Расхаживая по своему кабинету в парламенте, Парк думал о том, что даже тут, у себя в стране, война остается войной. Для уверенности в превосходстве приходится придерживаться жестокого лозунга: «Пленных не брать! Уничтожать всех, кто хотя бы в близком будущем способен поднять на тебя оружие!» В колониях под этот приказ подводили даже десятилетних мальчиков — через год-другой они могли стать повстанцами. Парку, бывало, даже в годы службы на островах приходило в голову, что такой способ «умиротворения» — не что иное, как натягивание скрытой, но чертовски опасной и сильной пружины. Рано или поздно она должна расправиться. Так оно и вышло, и не только на островах. Куда ни глянь, всюду перенапряженная пружина народного терпения расправляется и бьет в лоб тех, кто ее натягивал. В Азии и в Африке, от севера до юга — везде. Черные, коричневые, желтые — все перестали верить тому, что их удел быть рабами белого человека. Впрочем… лучше о таких вещах не думать. Слишком пристальное вглядывание в будущее мешает иногда оценивать политику нынешнего дня. А именно над нею и приходится сейчас задуматься Парку. Начать хотя бы с этой проклятой чистой бомбы или совсем нечистого «открытого неба».

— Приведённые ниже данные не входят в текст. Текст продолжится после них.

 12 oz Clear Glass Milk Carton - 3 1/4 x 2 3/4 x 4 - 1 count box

Те два часа, которые Парк провел в парламенте, ушли на обычную суету, и ему не удалось хорошенько обдумать предстоящий разговор с Макдейром. Кроме Макдейра, не с кем потолковать во всем огромном министерстве обороны. Парк больше никому не может откровенно высказать одолевающих его сомнений.

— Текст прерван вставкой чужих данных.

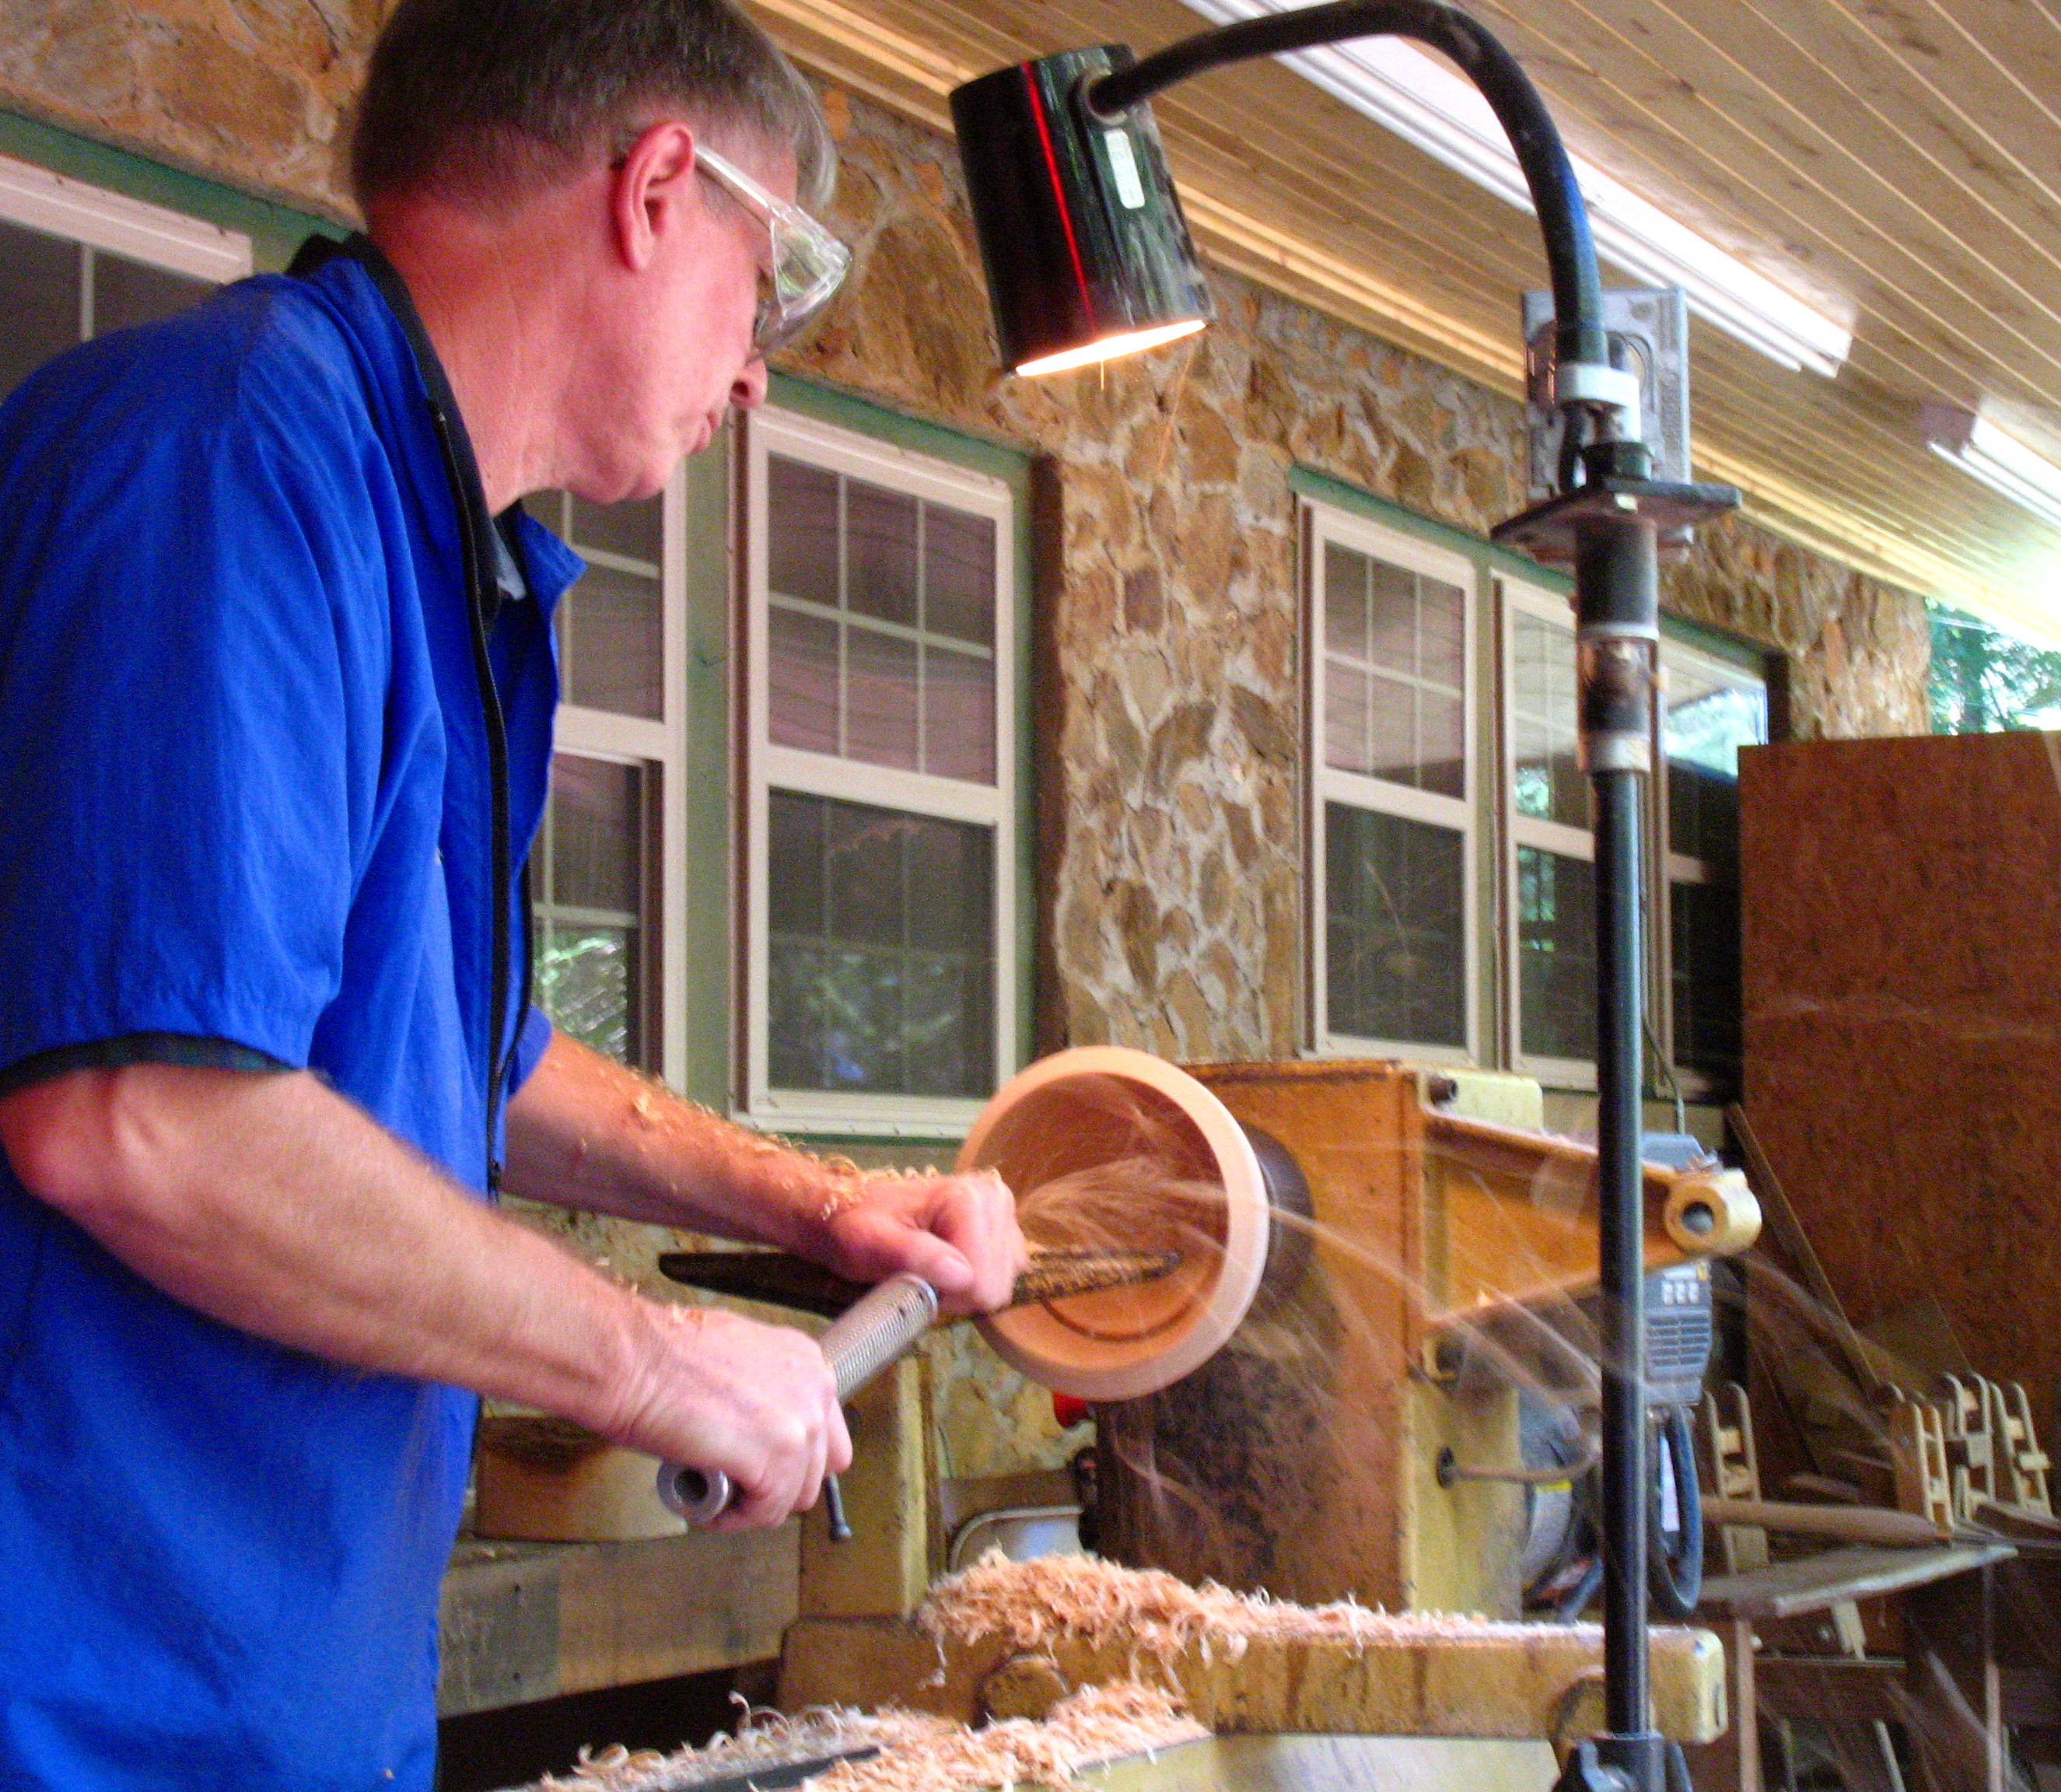 Woodturning demonstration

Никто не смеет заподозрить Парка в небрежении интересами обороны. Но никто не будет иметь и права сказать, что по вине Парка хоть один грош налогоплательщиков пущен на ветер. Парк с особенной ревностью относился ко всему, что происходило в области новых грандиозных проектов министерства. Они влекли за собою астрономические траты государства и новые умопомрачительные прибыли для монополистических групп, поставляющих новые виды оружия. Парк сквозь пальцы смотрел на связи генералов с группой Ванденгейма. Тут Парку приходилось быть слепым. Наедине с собою он подчас подумывал о том, что он стал бы делать, взобравшись на Золотую гору. А влезть туда без помощи Ванденгейма не было надежды.

***

Парк всегда отличался подвижностью. Молодым человеком он слыл в числе лучших игроков бейсбольной и футбольной команд; генералом, на фронтах Второй Мировой он почти никогда не вызывал к себе командующих армиями и участками фронта, а ездил к ним; и теперь, имея семьдесят с лишним за плечами, не забывал, что такое гольф, — разве что погода уж совсем не позволяла выйти на поле.

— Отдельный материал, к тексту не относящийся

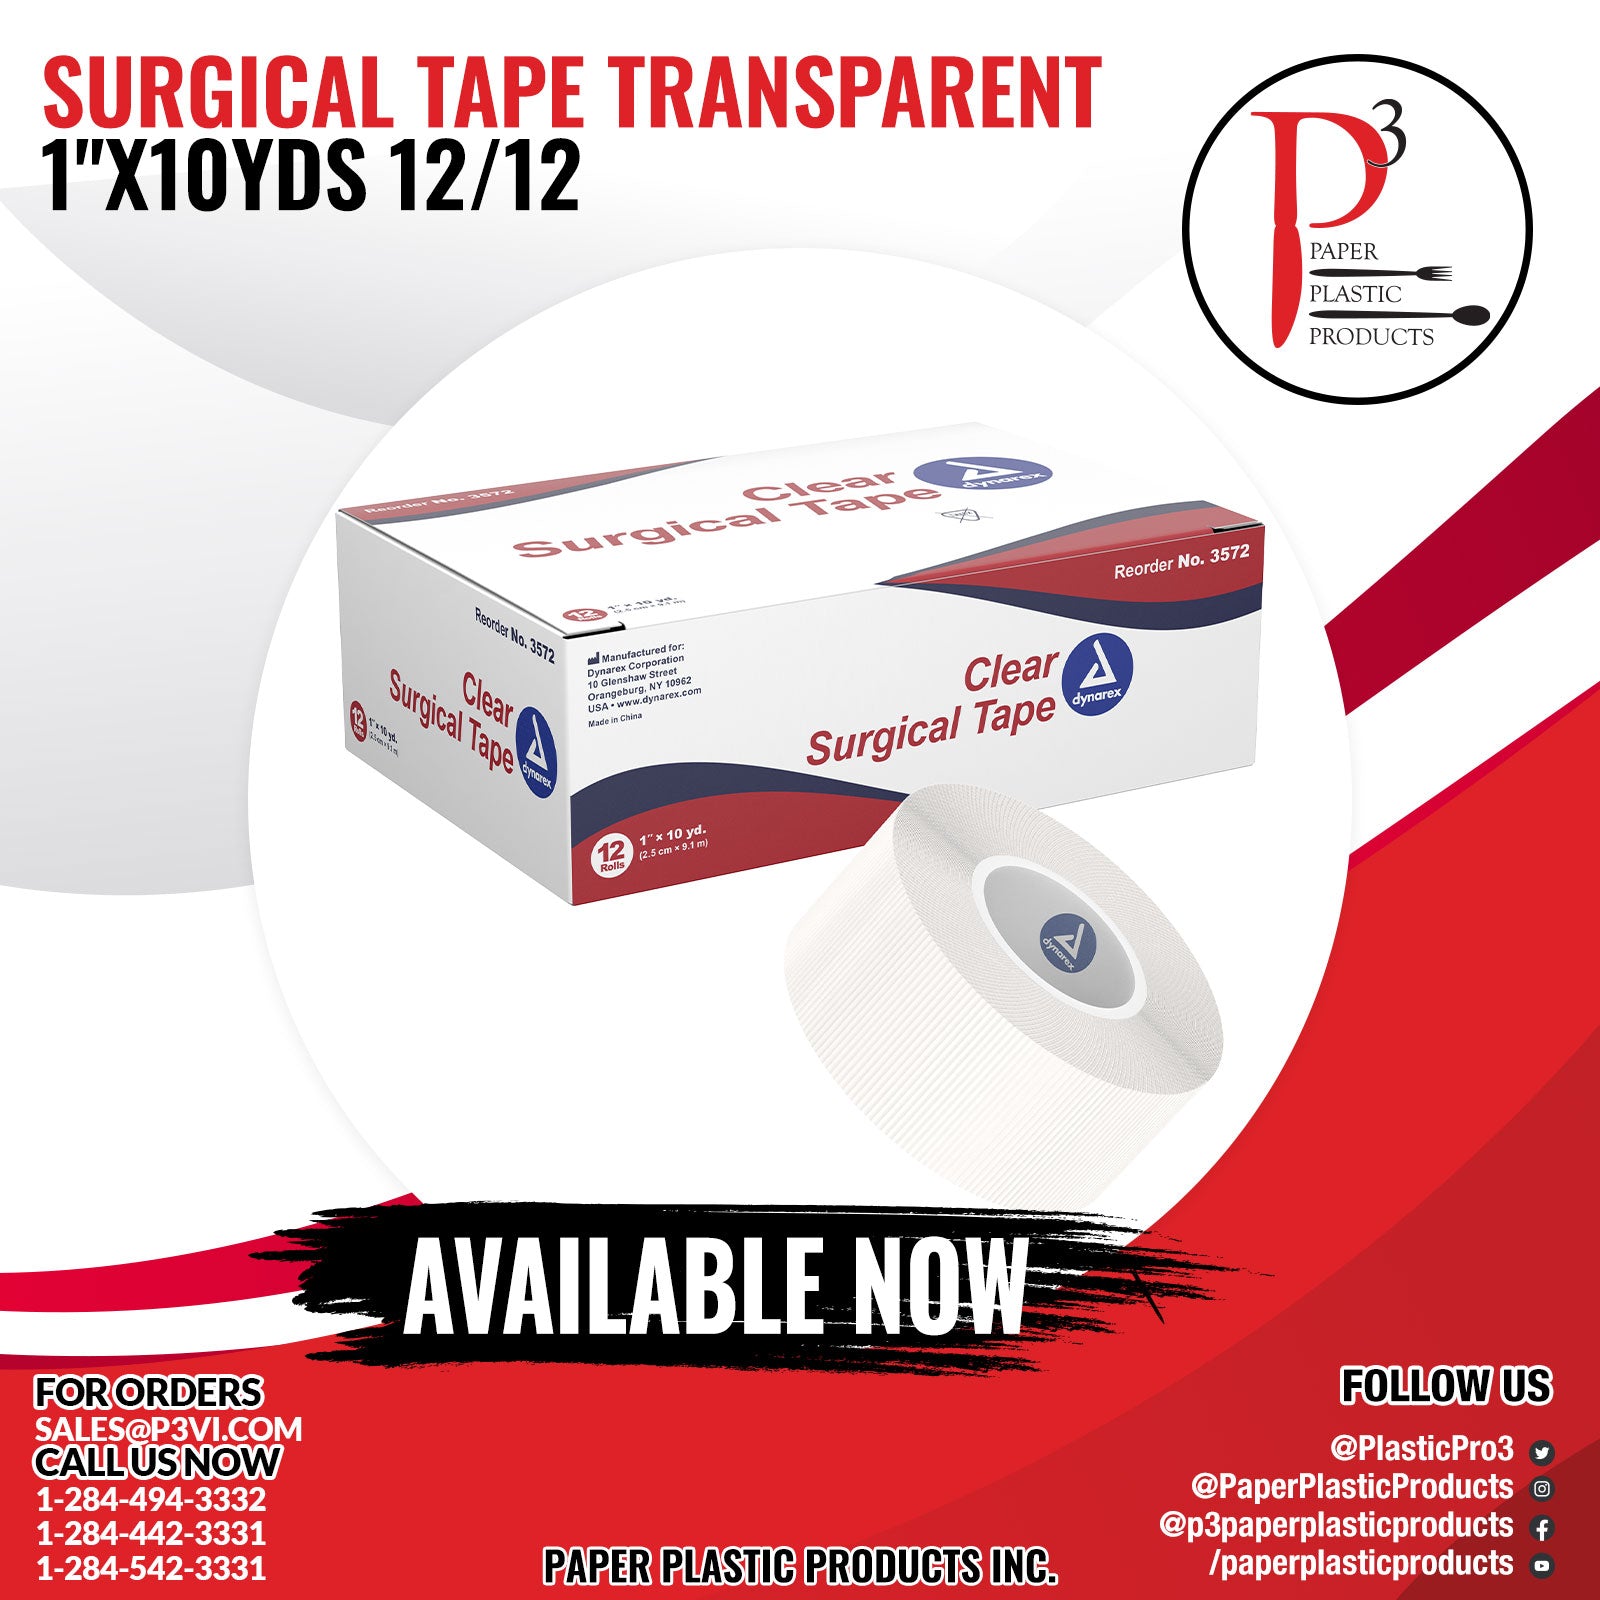 Surgical Tape Transparent 1"x10yds 12/12

В силу этой подвижности он и сегодня, вместо того чтобы пригласить к себе Макдейра, что вполне мог бы сделать как председатель парламентской комиссии по обороне, Парк сам отправился к генералу. Впрочем, если говорить откровенно, дело тут было не в одной подвижности, а, пожалуй, еще и в желании лишний разок под уважительным предлогом побывать в министерстве обороны.

Медленно едучи в своем сером лимузине вдоль мутной реки, Парк издали щурился на унылую громаду министерства.

Прежде ему приходилось выпрашивать кредиты у парламента — теперь он их санкционировал, глядя со стороны на грызню своих бывших коллег генералов за ведущее место в предстоящей войне полушарий.

Война полушарий! В устах генералов это звучало так, словно вопрос о ней уже был решен. Возня с переговорами и встречами на всех уровнях была только оттяжкой времени, чтобы дать им, господам генералам, возможность изготовить ракеты новых типов, якобы превосходящих то, что уже есть у русских. А в действительности… Да, Парк лучше многих знал, что означают в действительности эти «новые типы» — контракты для Ванденгейма и других шаек! И он, Майкл Парк, всю жизнь считавший себя честным человеком, должен молчать и, в лучшем случае, если совесть уж очень протестует против нового заказа, под предлогом болезни устраняться от председательствования в оборонной комиссии.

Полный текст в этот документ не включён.